[[ The data open ]]

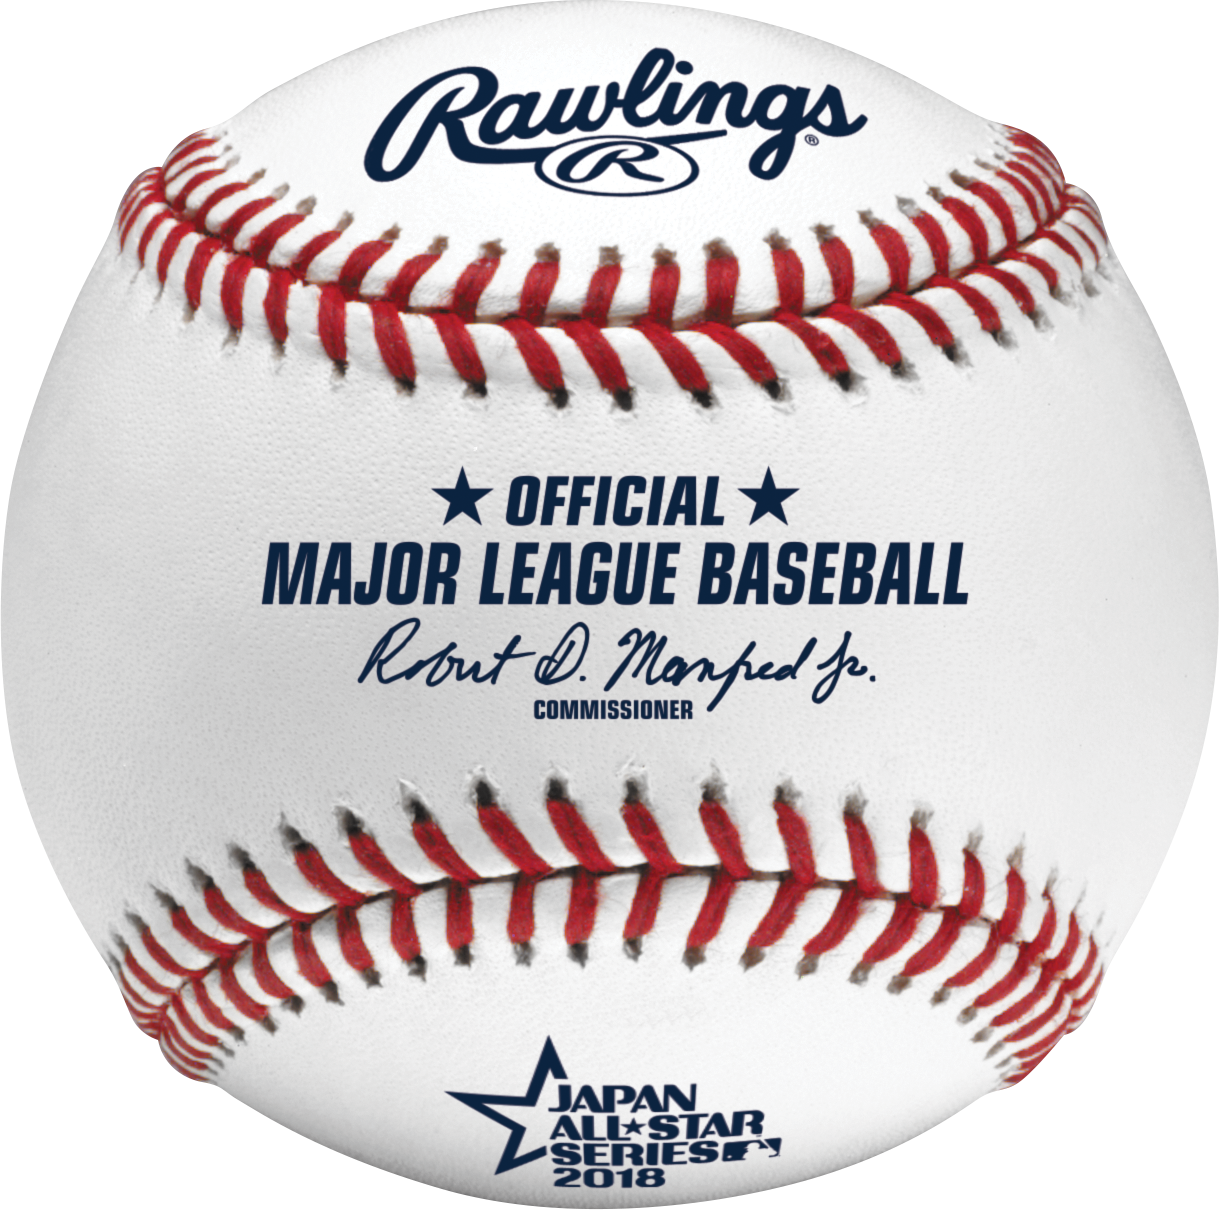 18日米野球 Mlb公式試合球 レプリカ球 が発売決定 ローリングスジャパン合同会社のプレスリリース
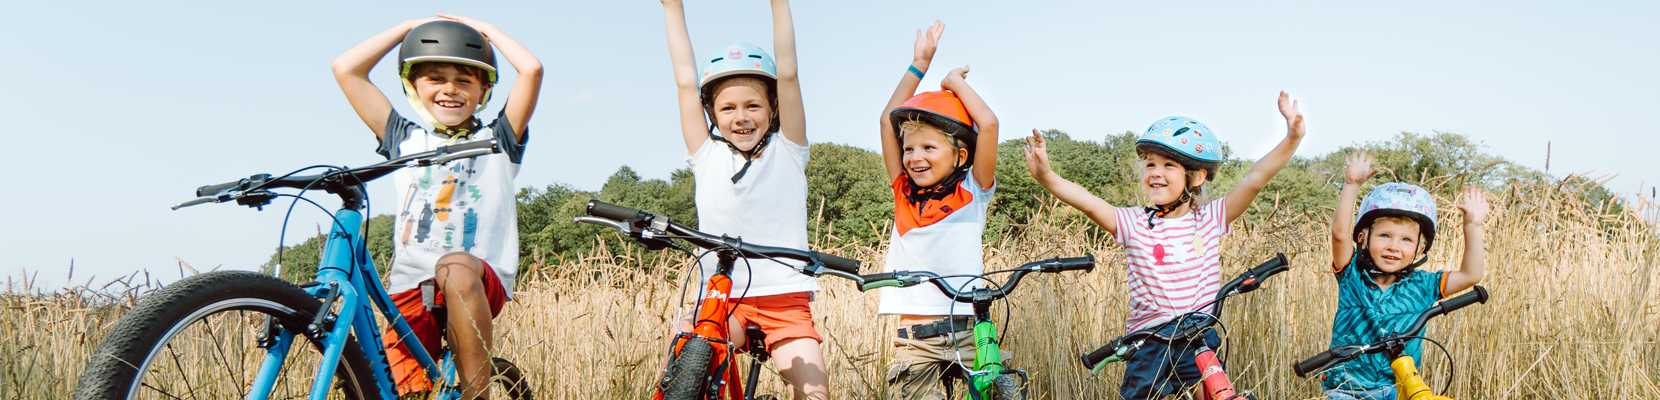 fröhliche Kinder auf bunten Fahrrädern vor Kornfeld
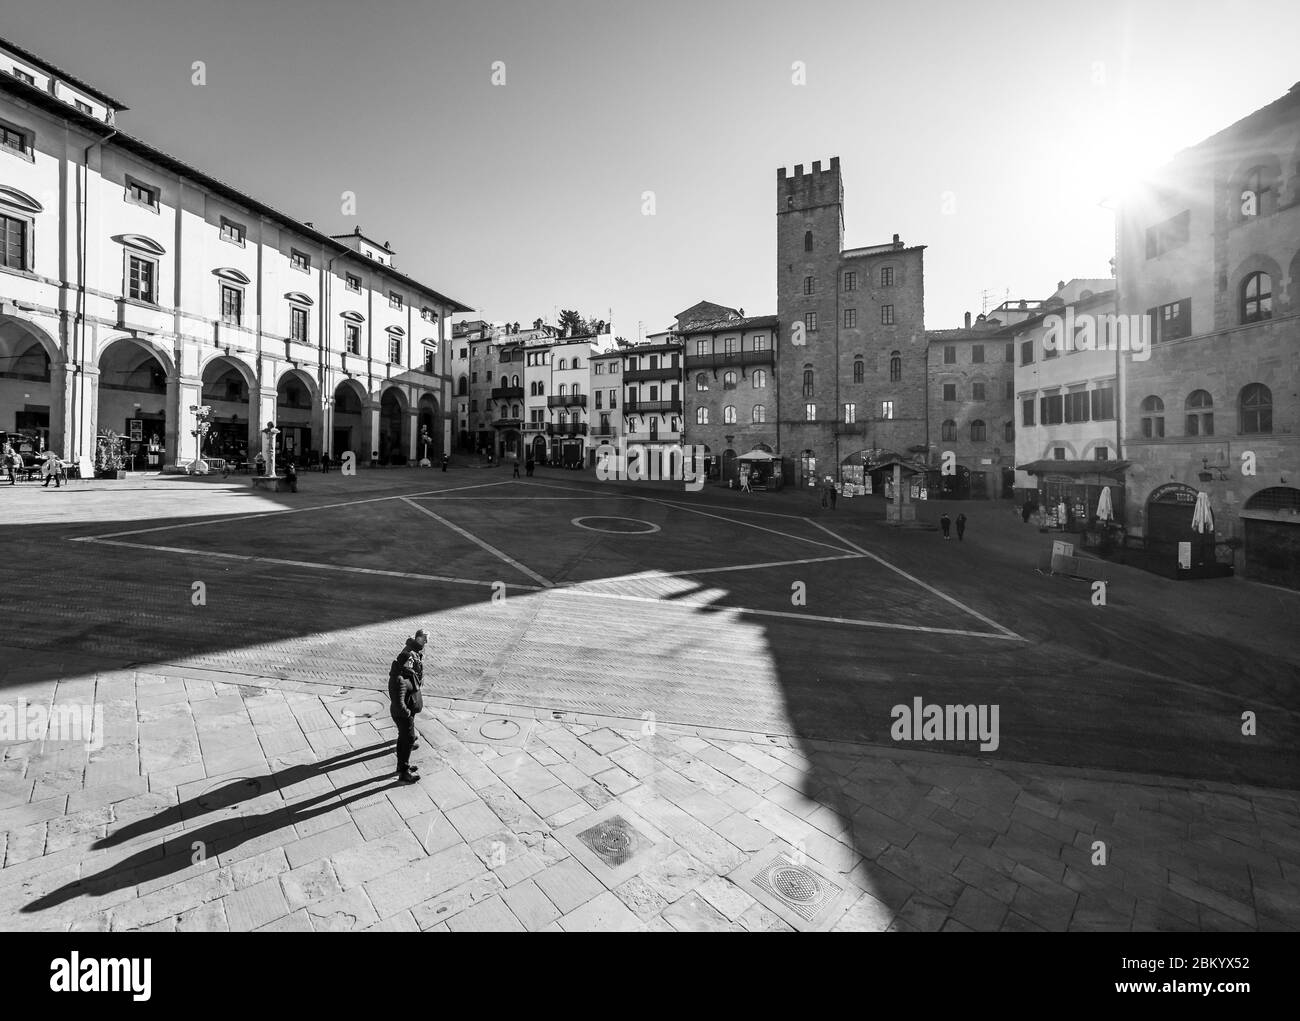 Arezzo (Italien) - die etruskische und Renaissance-Stadt der Toskana. Hier das historische Zentrum. Stockfoto
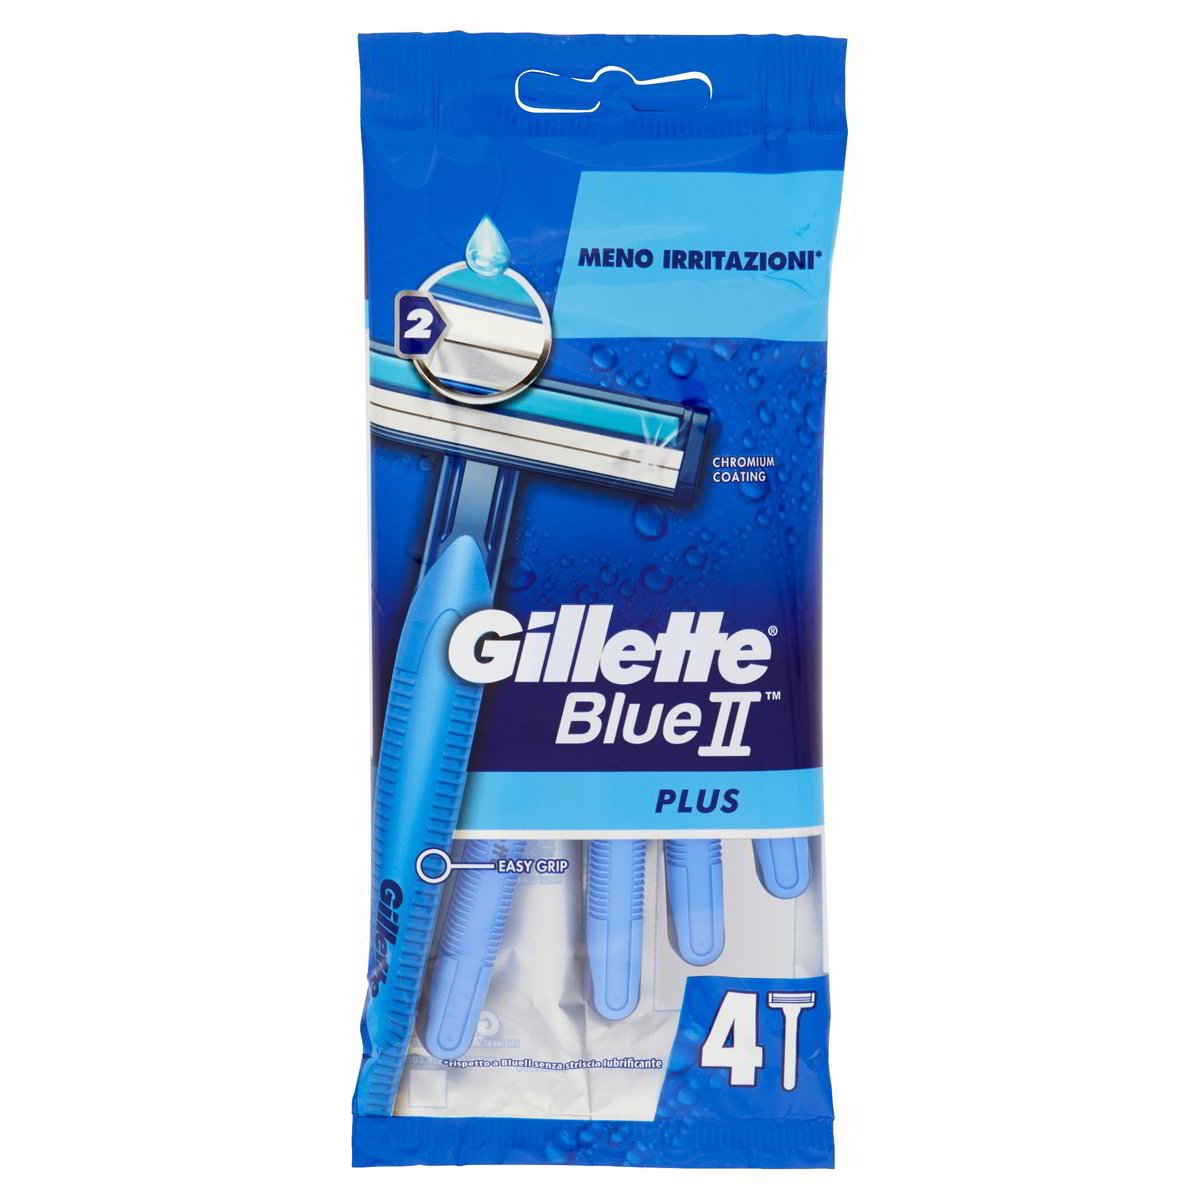 Gillette Rasoio Blue II Plus

[[ The data closed ]]

_Exercise instructions_:
Give the data above again in full and unchanged, skipping the pictures.

_Answer area_:
 18日米野球 Mlb公式試合球 レプリカ球 が発売決定 ローリングスジャパン合同会社のプレスリリース
 fröhliche Kinder auf bunten Fahrrädern vor Kornfeld
 Arezzo (Italien) - die etruskische und Renaissance-Stadt der Toskana. Hier das historische Zentrum. Stockfoto
 Gillette Rasoio Blue II Plus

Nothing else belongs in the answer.